WordFreq.py

"""
Python Code to find out most frequent words from famous GRE lists

WordLists ( Courtesy: www.quizlet.com )
1. Barrons 1100 Words
2. Magoosh 1000 Words
3. Majortest Essential 1500 Words
4. Princeton 500 Words
5. Kaplan 500 Words
6. Manhattan Basic+Essential 1000 Words

Above words are stored in different text files along with definations. These text files are combined, parsed and word frequecy is calculated.
Word along with Frequenices is stored in output text file 'output.txt'
"""
from collections import defaultdict, Counter
import json

# Function to calculate word Frequency and store it into Dictionary
def wordListToFreqDict(wordlist):
    wordfreq = [wordlist.count(p) for p in wordlist]
    return dict(zip(wordlist,wordfreq))

# Combine all wordslist text files into one and convert to lowercase.
filenames = ['WordLists/Kaplan.txt','WordLists/Magoosh.txt','WordLists/Manhattan.txt','WordLists/Barrons.txt','WordLists/Princeton.txt','WordLists/Majortest.txt']
with open('CombinedAllWords.txt', 'w') as outfile:
    for fname in filenames:
        with open(fname, encoding="ISO-8859-1") as infile:
            for line in infile:
                line = line.lower()
                outfile.write(line)

# Open combined wordlist, remove definations and format words
with open("CombinedAllWords.txt") as f:
    items = f.readlines()
    combined_vocab = items
    combined_vocab = list(map(lambda items: items.strip(), combined_vocab))
    for i, w in enumerate(combined_vocab):
        combined_vocab[i]=w.split(":", 1)[0]

# my custom code to create a super dictionary
combined_map = defaultdict(list)
with open("CombinedAllWords.txt") as f:
    for line in f:
        line = line.strip()
        splitted =  line.split(':')
        if len(splitted) > 1:
            word, meaning = splitted[0], splitted[1]
            combined_map[word].append(meaning)


#Open file and write sorted dictionary values into text file one by one in decreasing order
with open("output/words.txt","w") as f:
# for key, value in sorted(wordListToFreqDict(t).items(), key=lambda k,v: (v,k), reverse =True):
    for key, value in sorted(wordListToFreqDict(combined_vocab).items(), key=lambda x: (x[1], x[0]), reverse =True):
        # l.write(" \n%s: %s" % (key, value))
        word = key
        freq = value
        meaning = combined_map[word]
        f.write("{}[{}]: {}\n".format(key, value, meaning))
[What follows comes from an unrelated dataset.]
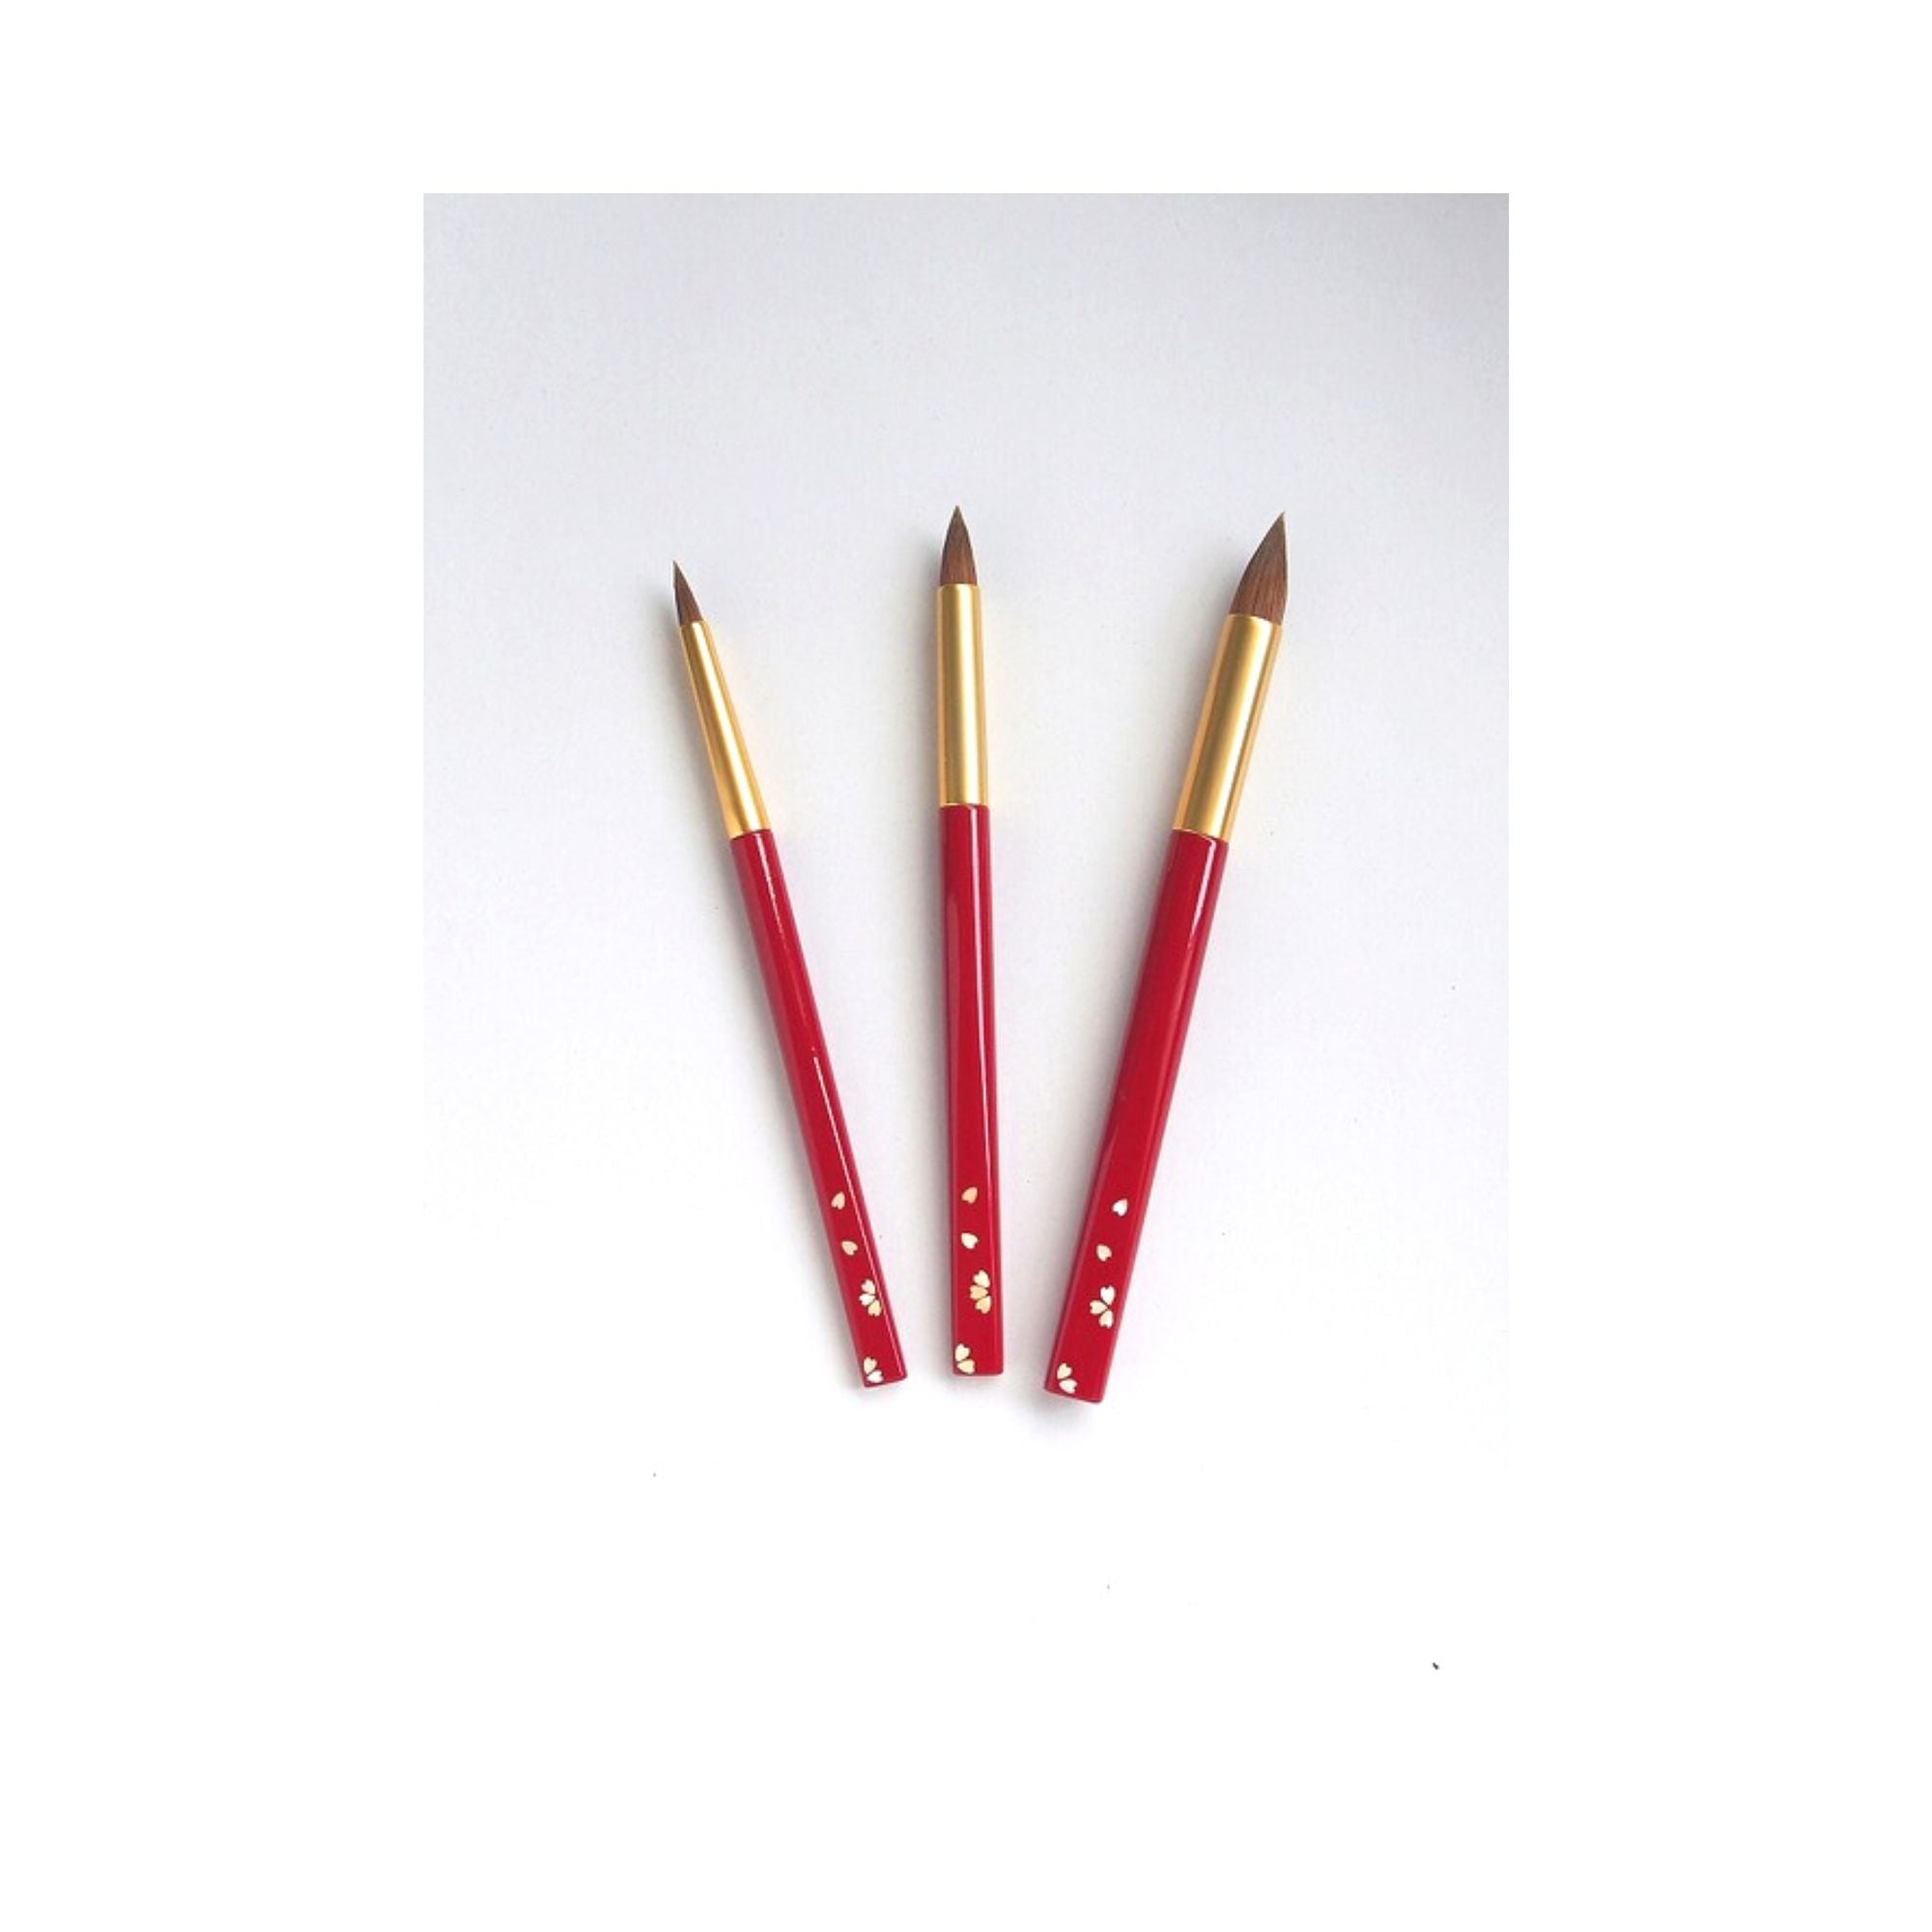 Koyudo Raden Kolinsky Large Eyeshadow Brush, Sakura Petal (Red) - Fude Beauty, Japanese Makeup Brushes

counter = Counter([v for k, v in wordListToFreqDict(combined_vocab).items()])

# dump as json
jsonmap = {}
for word, frequency in sorted(wordListToFreqDict(combined_vocab).items(), key=lambda x: (x[1], x[0]), reverse =True):
    if frequency not in jsonmap:
        jsonmap[frequency] = defaultdict(dict)
    jsonmap[frequency][word] = combined_map[word]

for frequency in jsonmap:
    wordmap = jsonmap[frequency]
    with open("output/{}.json".format(frequency), 'w') as f:
        json.dump(wordmap, f, indent=4)


# dump as HTML with some shitty formatting
with open("output/words.html","w") as f:
    html = "<!DOCTYPE html>\n<head>{}</head>\n<body>\n{}</body>\n</html>"

    # add a metadata about occurence of each type
    metadata = "<h1>Metadata</h1><ul>"
    for k in range(6, 0, -1):
        metadata += "<li>{} : {}</li>".format(k, counter[k])
    metadata += "</ul>"
    # f.write(metadata)

    # real shit happens now
    content = ""
    count, prev = 0, 6
    for i, (key, value) in enumerate(sorted(wordListToFreqDict(combined_vocab).items(), key=lambda x: (x[1], x[0]), reverse =True)):
        # l.write(" \n%s: %s" % (key, value))
        word = key
        frequency = value
        # reset counter
        if frequency != prev:
            count, prev = 0, frequency
        meaning = "<ul>"
        for m in combined_map[word]:
            meaning += "<li>{}</li>".format(m)
        meaning += "</ul>"
        count += 1
        content += "<h2>{} - {}</h2><h4>frequecy : {}</h4><h4>S.N.: {}/{}</h4>{}<hr/>\n".format(
            i+1, key, frequency, count, counter[frequency], meaning)

        # f.write(content)
    body = "{}\n<hr/><hr/>\n{}".format(metadata, content)
    html = html.format('', body)
    f.write(html)